Calais and Dover are intimately entangled—as Rowland puts it, if Dover gets a cold, Calais sneezes. When industrial action happens in Calais, lorries back up in Kent. Richard Christian tells me that the two ports work closely together to stay in lockstep: “It’s no good if one side expands capacity and the other doesn’t, or one puts in a berth that can take one size of ferry and the other doesn’t. The system doesn’t work.” The same holds for any of the proposed, if hypothetical, magical technologies—anything introduced at one end has to be replicated, tested, trained at the other.
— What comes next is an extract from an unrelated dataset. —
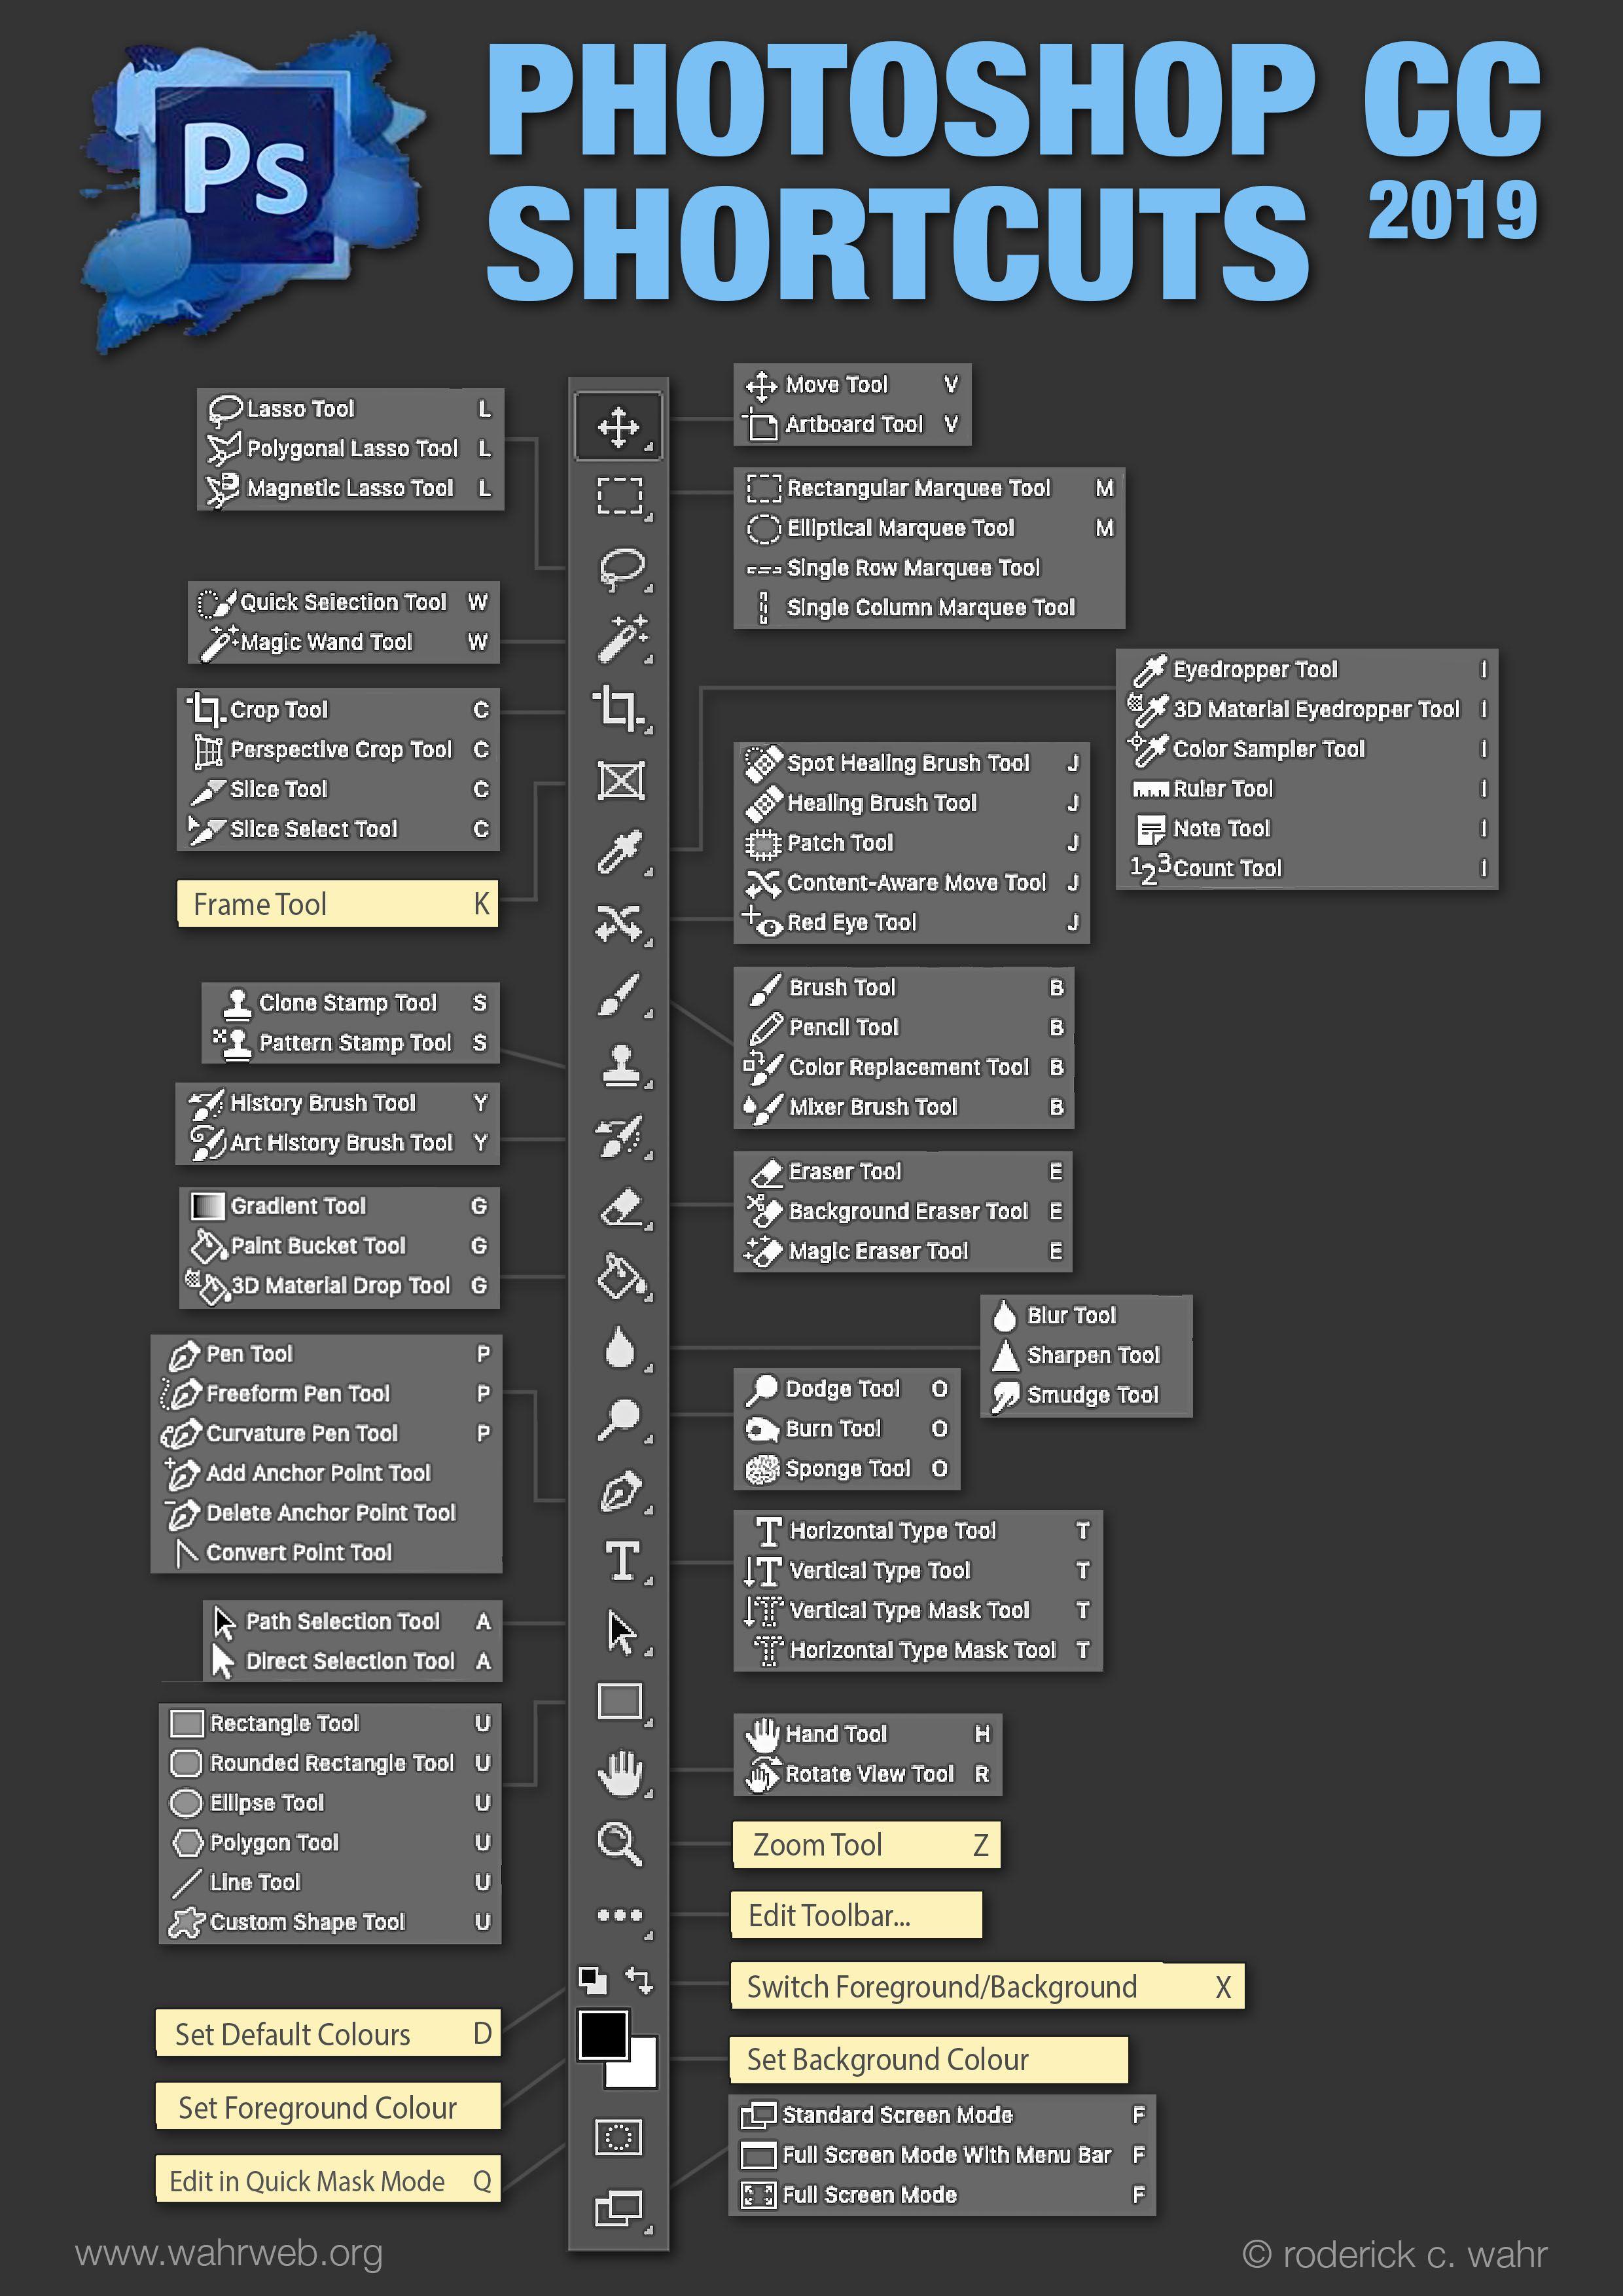 Photoshop Cc 2019 Toolbar Shortcuts Photoshop Basics Photoshop Poster Tutorial Photoshop Shortcut

A fog of uncertainty shrouds the fates of both ports over the next year. At the end of a downcast Brexit panel at the U.K. Ports Conference, one audience member asked, with some slight exasperation, what the upsides to Brexit might be and what systems might be built to support it. The panelists responded that until they knew what Brexit would entail, they didn’t know what they should build for it. The technologies used in border crossings between other friendly nations aren’t necessarily useful in thinking about Dover because of the issue of flow, Richard Ballantyne explains. Queues caused by checks, which are a minor annoyance between the United States and Canada, or Norway and Sweden, could lead to massive tailbacks and lockdown in the time-sensitive space of Ro-Ro.
At the Ports Conference, several heads of U.K. ports associations indicated that they are consulting with the British government on possible technological solutions but, due to nondisclosure agreements, they were unable to give specific details. In a coffee break, I joined a gaggle of attendees who quietly wondered if there was any “there” there in the presentations, or if this was all smoke and mirrors, another way for the government to buy time against the looming deadline of exit.
We sail across the Channel in a swift hour and a half. The sea is still and the mist burns off. I only notice the border crossing into French waters when my mobile phone carrier changes. The Pride of Canterbury docks into a mirror of Dover’s port at Calais, and I do the switch-around in reverse for my return journey—another bus, another set of inspection sheds, another round of passport checks (British border control, so more Union Jacks), another poster depicting murderers, another patriotically named ferry (the MS Spirit of Britain).
We arrive back in Dover as the sun is low. The cliffs are glowing and seem permanent, unchangeable geological megastructures.
Brexit was promised as a great and disruptive change; a magnificent unfolding of new trade structures as borders tightened. Its outcome grumbles slowly, miserably forward. Yet at this physical place where the change will happen, the ports and the people hope things stay the same. Richard Christian emphasizes that the majority of traders don’t want to change their supply chain; the cross-channel routes are the shortest and most efficient way of getting just-in-time goods to where they need to be. “It’s replicating what we have now which is the challenge” Ballantyne tells me.
For Joan Didion, magical thinking permitted a way of denying the material brutality of death and the flimsy vulnerabilities of the human form; a way to survive and perform normality against a sea change. “I was thinking,” she writes, “as small children think, as if my thoughts or wishes had the power to reverse the narrative, change the outcome.” As the juggernaut of Brexit rolls into view, British politicians seem to be operating under the same delusion.